On 23 April, junta forces from the LIB 275th, which had been sheltering under the 2nd Friendship Bridge, were assisted by the Karen National Army in reoccupying their base outside Myawaddy. On 24 April, the Karen rebels retreated from Myawaddy, and the Karen National Army and the Tatmadaw achieved joint control of Myawaddy. The KNU spokesmen stated that they would "temporarily withdraw" from Myawaddy, but stated that the KNLA would continue guerrilla attacks on junta positions along the Asian Highway 1.

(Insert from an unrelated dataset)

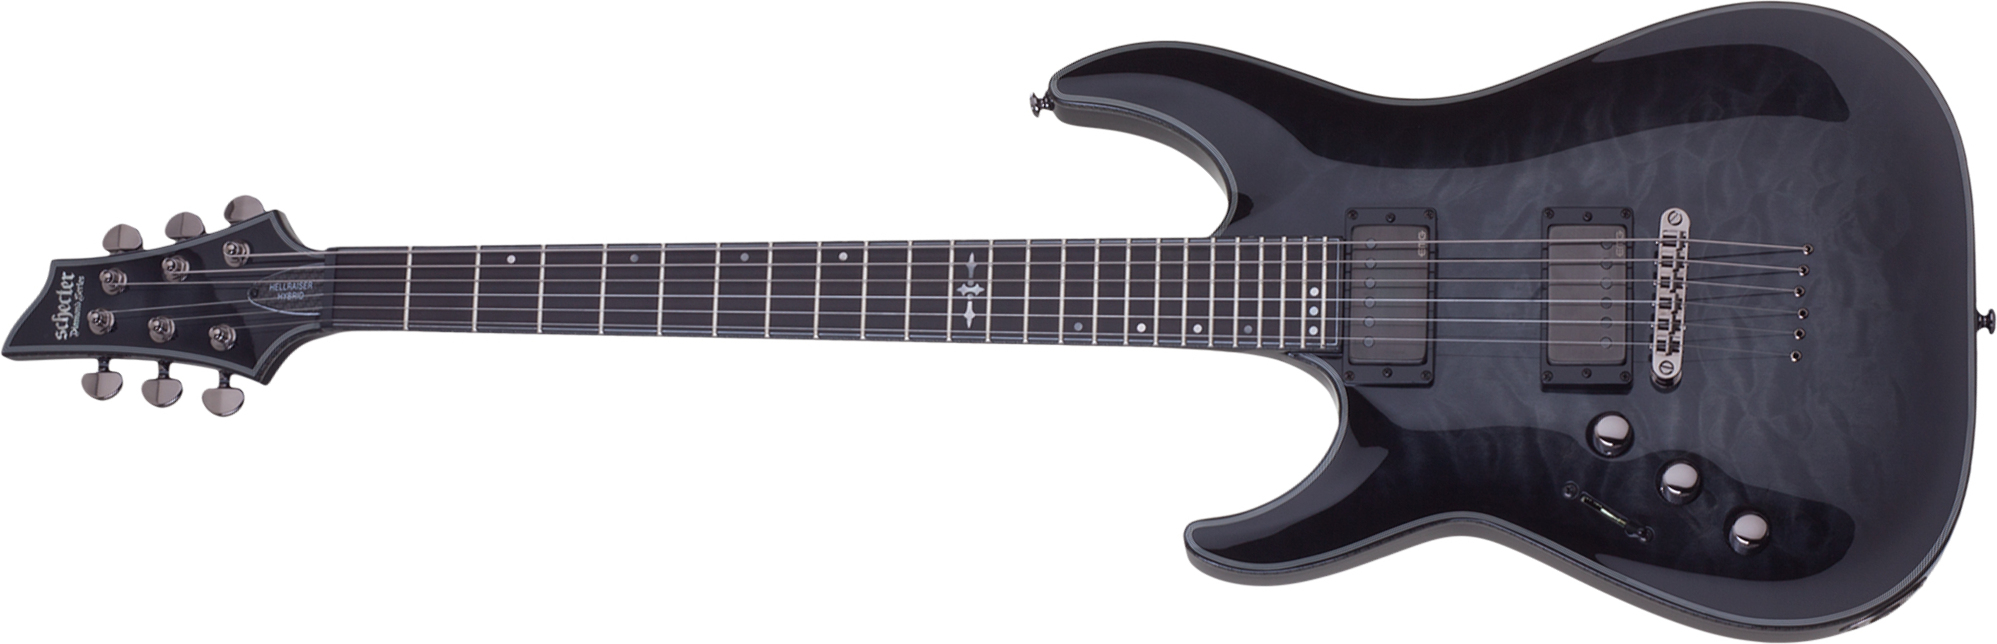 Schecter C-1 Hellraiser Hybrid Lh Gaucher 2h Emg Ht Eb - Trans. Black Burst - Left-handed electric guitar - Main picture
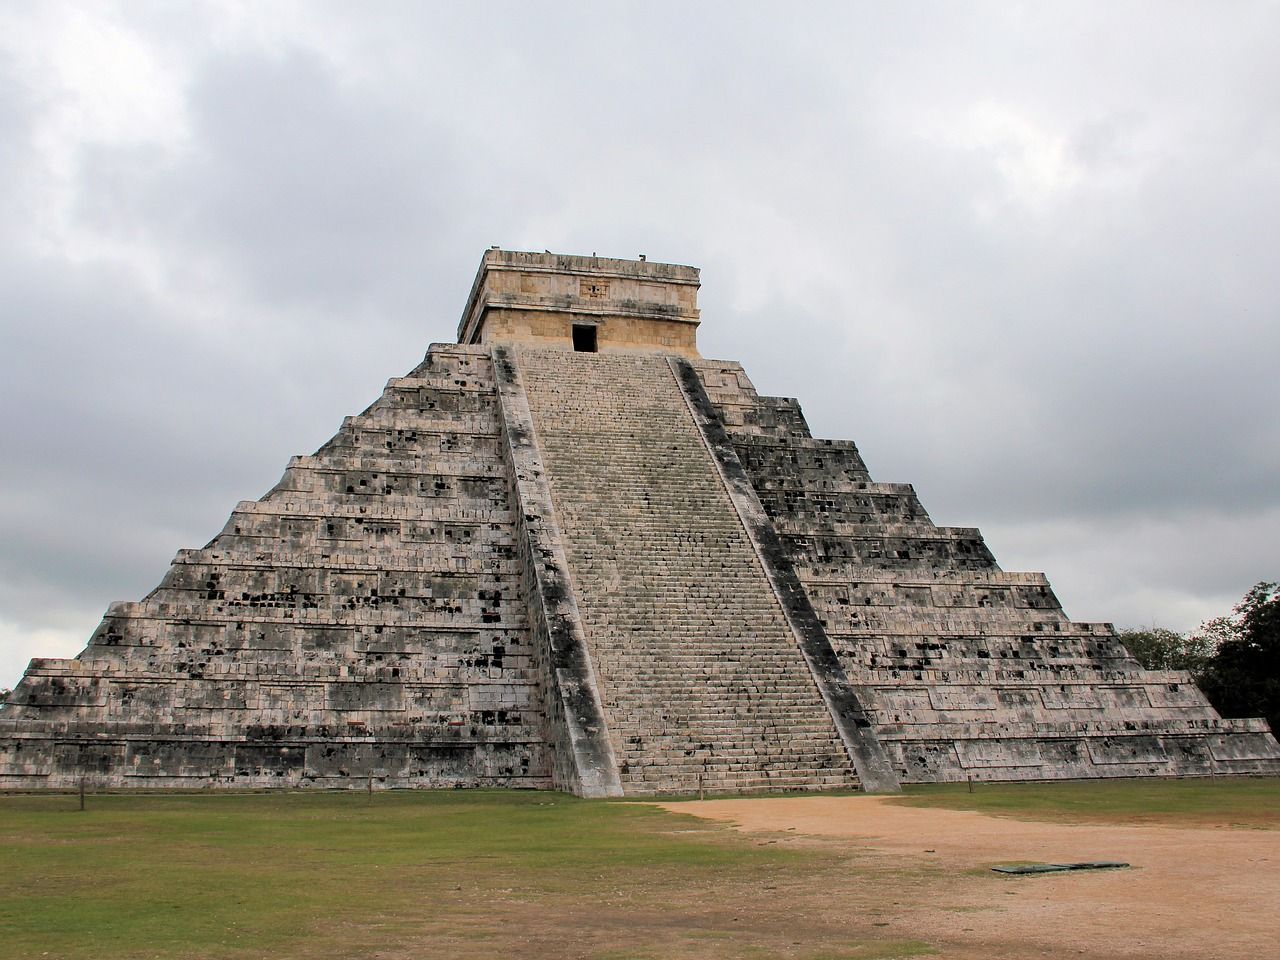 Pyramid of Kukulcan, Chichen Itza, Mexico

After being trapped in Kawkareik town for several weeks due to resistance ambushes and attacks, the 1,000-man LID 55 reinforcements sent by the junta to aid forces in Myawaddy in Operation Aung Zeya began advancing through the Dawna Range, reaching the Taw Naw waterfall by 29 April. After reaching the waterfall, the offensive again stalled, with junta forces not making any major gains the following month. Residents of Myawaddy reported that the Karen National Army was aiding junta soldiers in Operation Aung Zeya by helping them through forested paths leading to the town, with "hundreds" of junta soldiers being stationed in the town by the end of May.

== Role of BGF ==
Multiple sources and analysts showed the Border Guard Forces (BGF) army took control of Myawaddy after the SAC junta's remaining troops from the 275th LIB retreated, and later facilitated the transfer of junta troops from their base to the 2nd Friendship Bridge. Jason Tower, the Myanmar director of the United States Institute of Peace, said BGF had been playing both sides and that it ultimately pivoted to assist the military regime, "leading to the photo op of the Myanmar flag once again being raised over the base".

== Impact ==
Trade through Myawaddy had already been declining due to clashes in neighboring areas. Official figures from the Myanmar junta's Ministry of Commerce showed a significant drop in trade value between April 2023 and February 2024. The ongoing conflict between the military and anti-regime forces further exacerbated the decline in trade, affecting both legal and unofficial border trade routes.

== Reactions ==
Thailand’s Foreign Ministry said it was closely monitoring the situation and "will continue to provide further humanitarian assistance if necessary and will do our utmost to ensure the situation along the Thai-Myanmar border area returns to normalcy".